Боже… Боже-боже-боже. Они знакомы всего сутки, а ей уже хотелось кричать от собственного бессилия. Но вместо этого Рене лишь скованно улыбнулась. Что бы ни случилось, она не поддастся на чужие эмоции, не станет отвечать раздражением на откровенную злость.
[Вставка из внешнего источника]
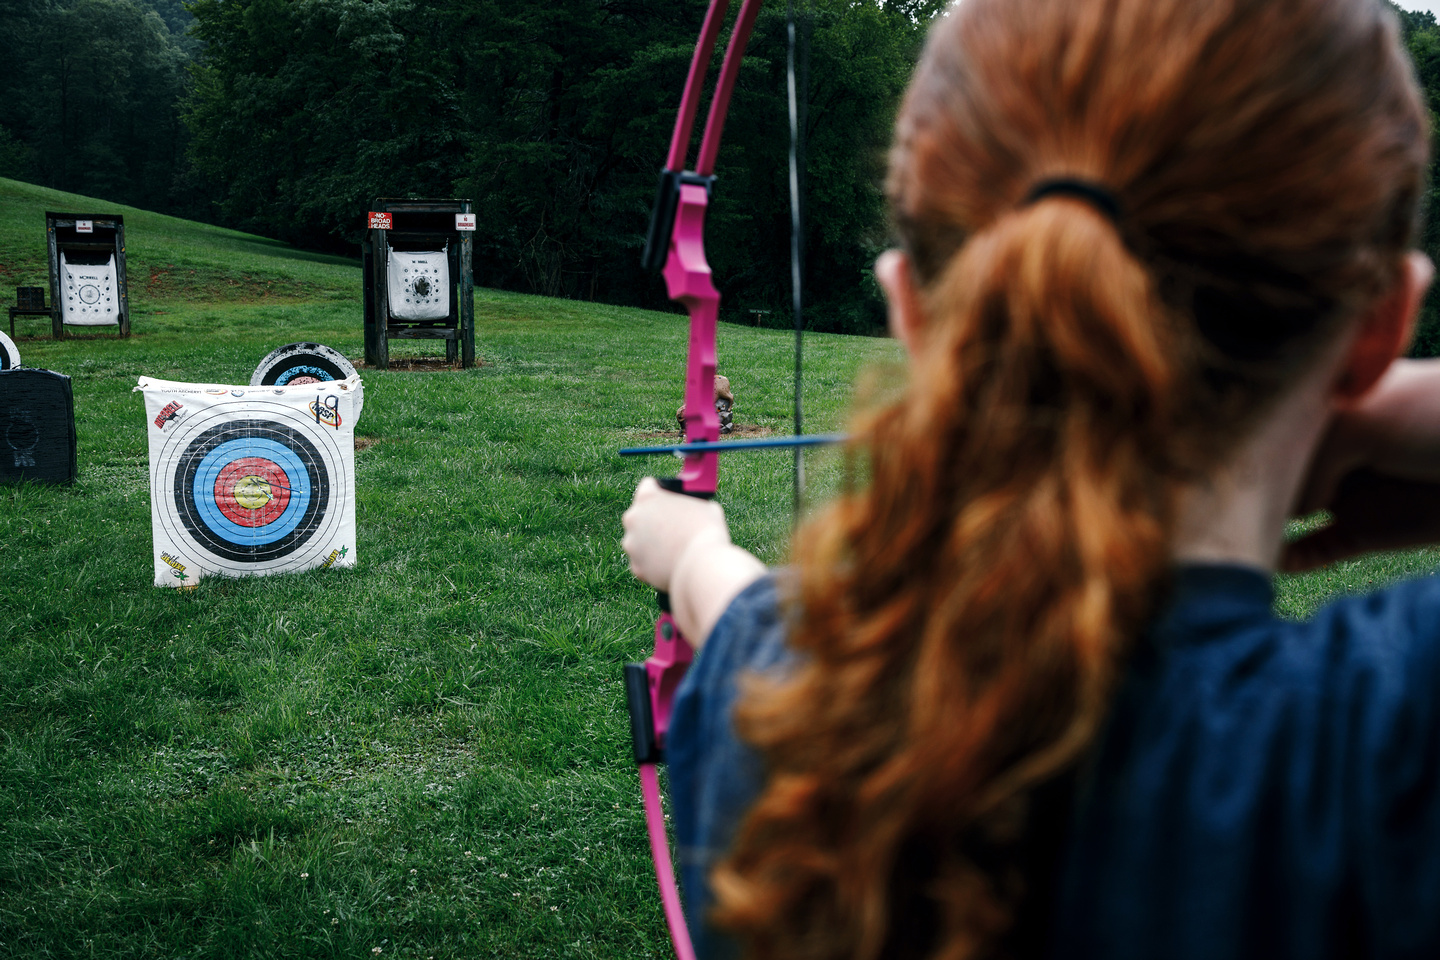 It's a perfect time to introduce your kids to archery. Here's 3
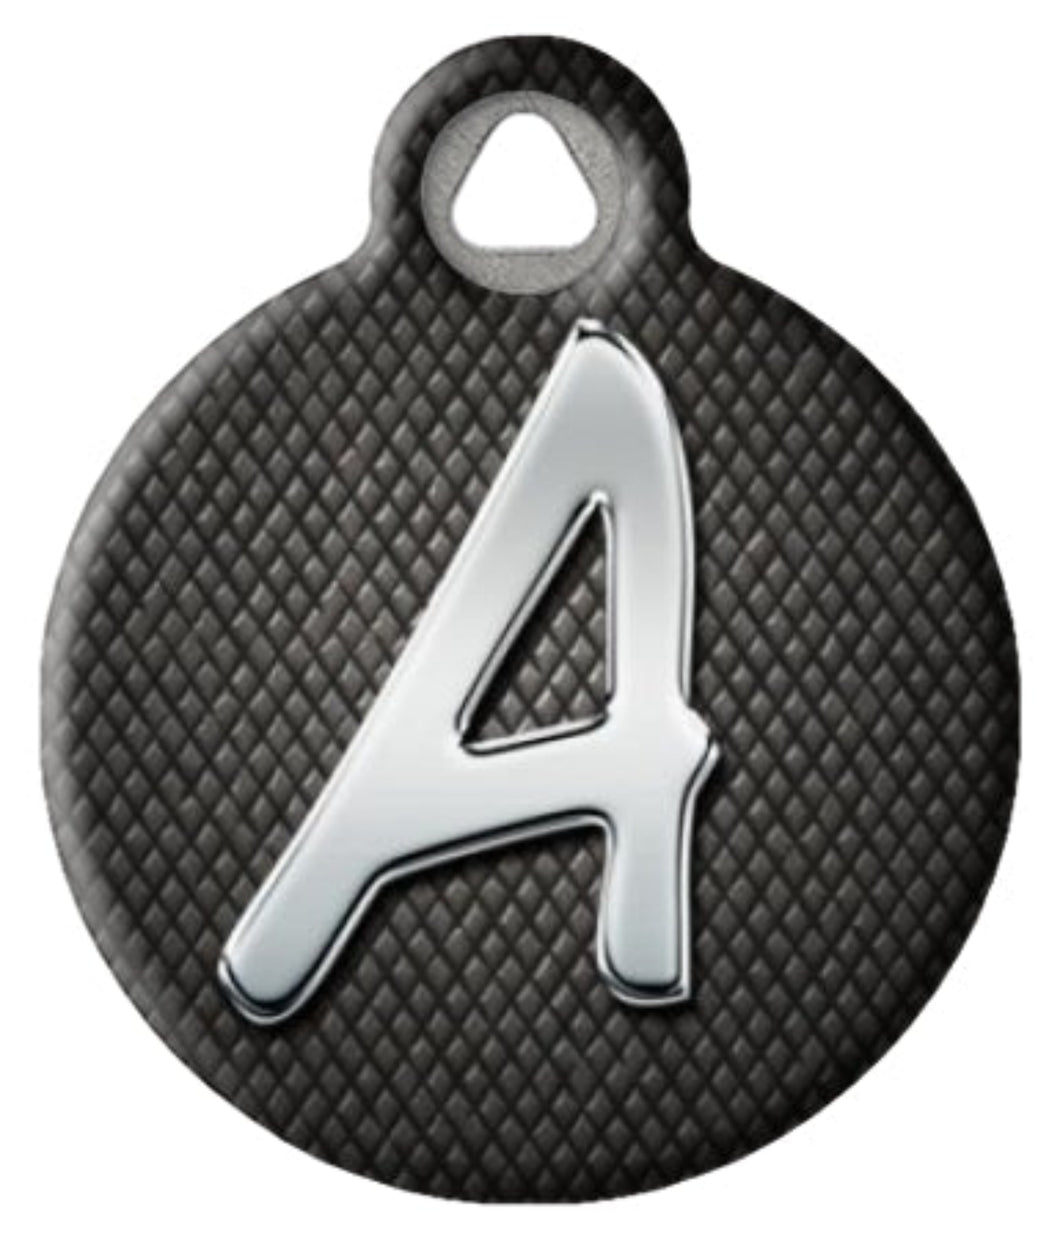 Chrome monogram pet ID tag with your choice of letter

И видимо, поняв это, Ланг снова хмыкнул, а затем внезапно локтем толкнул ей коробку со стерильным пластырем и отвернулся, чтобы плечом открыть дверь в операционную.
— Почему мы? — Вопрос вырвался сам. Рене не хотела его задавать, боясь выдать собственный страх. Однако, заметив, что доктор Ланг остановился, пояснила: — В скорой достаточно прекрасных врачей. Но в итоге именно мы бросаем нашего пациента и мчимся к другому. Почему?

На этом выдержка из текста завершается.